Me quedé completamente sola y muy malherida. Tenía 12 fracturas en la cadera, la mandíbula rota, un pulmón colapsado. El dolor era brutal. Pero aprendí a respirar. Respirar era volver al presente. Como una meditación sin maestros, pero yo jamás he practicado meditación. Lo hice por instinto.

¿Y así consiguió calmarse?

Me mantuve en el presente. Confié en que me encontrarían. Cuando me asaltaban los miedos y pensaba “¿y si viene un tigre?” me decía: “Ya me ocuparé cuando venga el tigre”.

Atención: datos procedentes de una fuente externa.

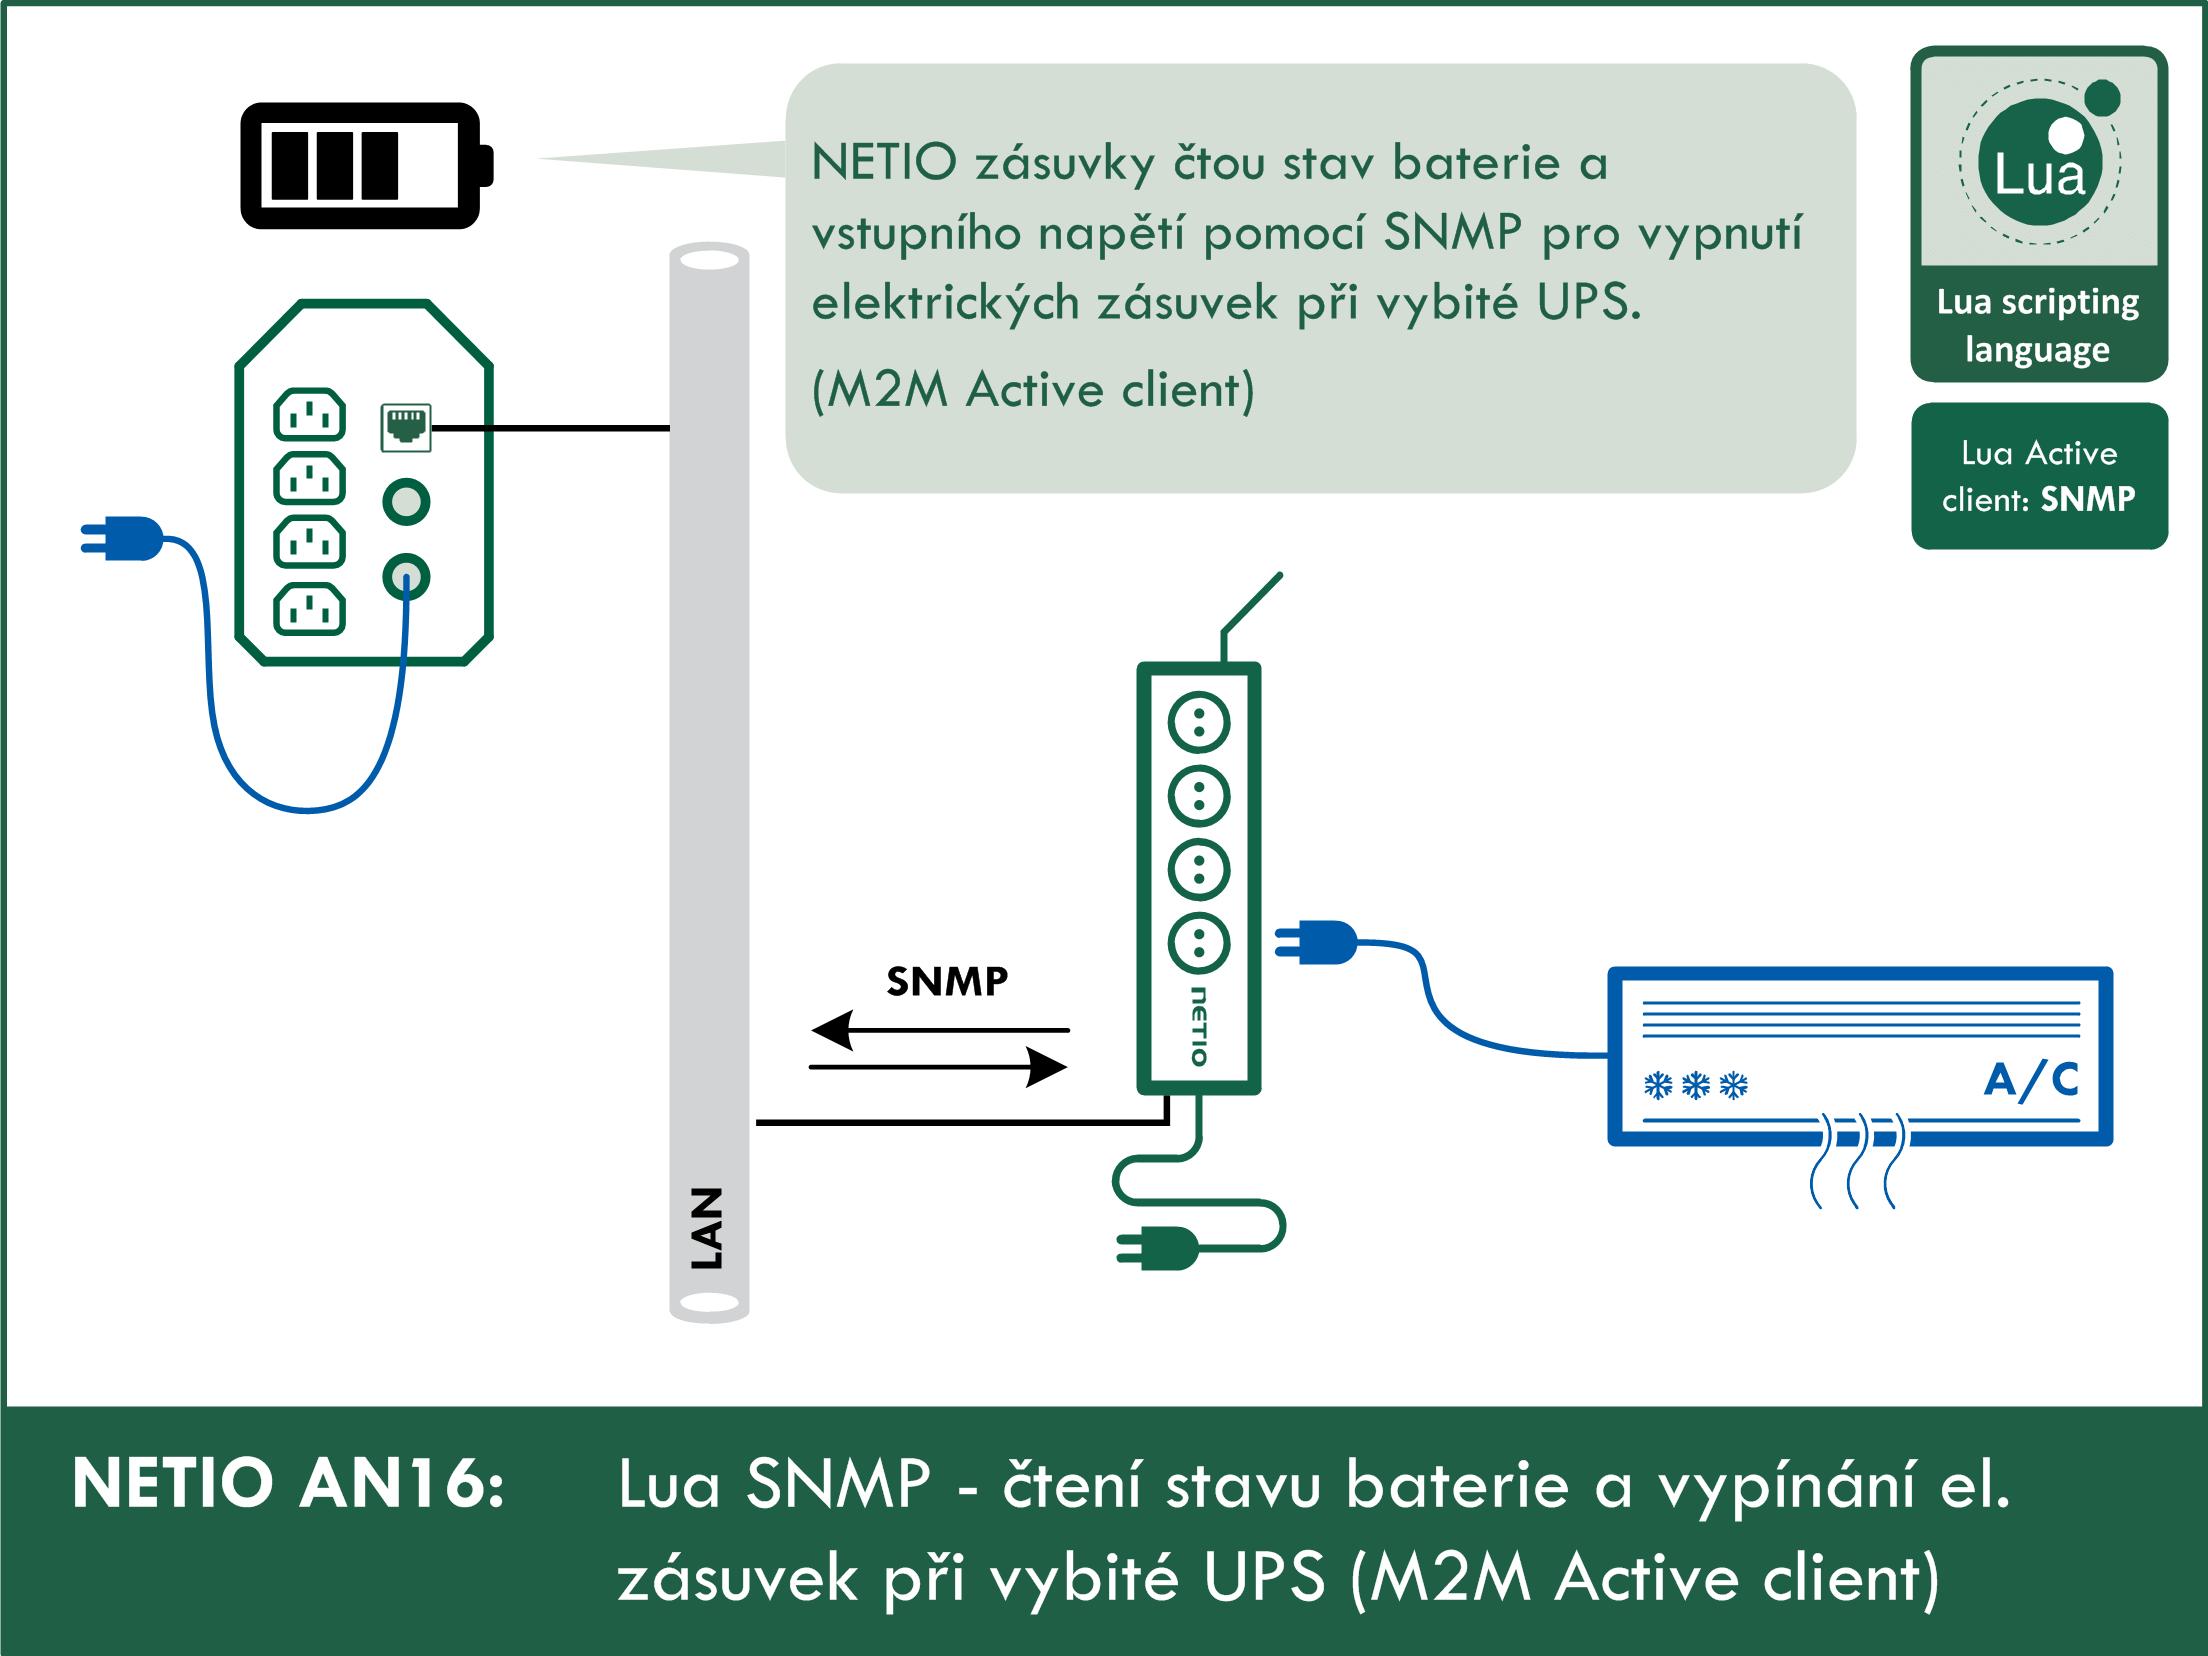 Lua SNMP - čtení stavu baterie a vypínání elektrických zásuvek při UPS < 50% (Lua Active client)

¿No pensó en que iba a morir?

Pensaba en cómo estar viva. Agua, necesitaba agua, me arrastré hasta el ala rota del avión con los brazos en carne viva, y con la espuma interior hice bolitas y esperé la lluvia.

¿Llegó la lluvia?

Sí, y las bolitas se llenaron de agua que racioné. Cada vez que lograba algo, me felicitaba. Me decía: “¡Bravo, Annette, muy bien!”. Eso también me salvó.

Pero su pareja...

Me prohibí pensar en él. Si pensaba en Pasje, lloraba. Y si lloraba, me debilitaba, así que me repetía como un mantra: “No pienses en Pasje”. Teníamos planes, una vida por delante. Pero no podía permitirme romperme.

¿Y no se rompió?

No miré los cuerpos destrozados. Vi belleza en las gotas sobre las hojas, en el vuelo de los insectos, en la luz entre ramas. Sentía que no era una superviviente, era parte de la selva. Me fundí con ese paisaje. Llegó un momento en que me estaba muriendo, y era hermoso.

¿Una experiencia mística?

Una frecuencia amorosa, como una vibración. No era yo mirando el mundo, era el mundo mirándose en mí. Pensé: si esto es morir, está bien.

Resistió.

Al octavo día aparecieron tres hombres. Cuando los vi, sentí pánico. No quería irme. Quise quedarme con Pasje, con la selva, con ese silencio, en esa muerte dulce. Me sacaron colgada de una lona entre dos palos. Fue la primera vez que me sentí realmente sola.

Curioso.

Hasta entonces, la selva me había acompañado. Ahora, volvía al mundo sin Pasje. Cuando desperté en el hospital de Ciudad Ho Chi Minh, Jaime, un amigo y colega, estaba ahí a mi lado. Había volado hasta Vietnam para buscarme, estaba convencido de que yo no estaba muerta. Luego vi a mi madre y casi me muero, esta vez de emoción. Entonces me rendí y lloré.

Jaime y usted se casaron.

Sí, al cabo del tiempo. Y tuvimos dos hijos. Uno de ellos, Max, tiene autismo.

¿Cómo lo vivió?

Fue otro shock. Max era normal hasta los 18 meses. Y luego empecé a perderlo. Dejó de hablar, de mirarme. Sentí que se me iba. Pero entonces recordé lo que aprendí en la selva: “Una vez aceptas lo que tienes y no te obsesionas con lo que no tienes, la belleza se revela”. Lo acepté. Y entonces vi lo que él es: una fuente de amor puro, sin condiciones.

¿Qué ha aprendido?

Que no hay que buscar sentido. El sentido está aquí, en lo que hay. En la intuición. En ese silencio entre cada respiro. Esa voz interior que me salvó entonces no era la mente, que solo gritaba miedo. Era otra cosa, más silenciosa, que me susurraba: respira, espera, observa. Esa voz, aún hoy, me guía. Como la selva. Está dentro de mí.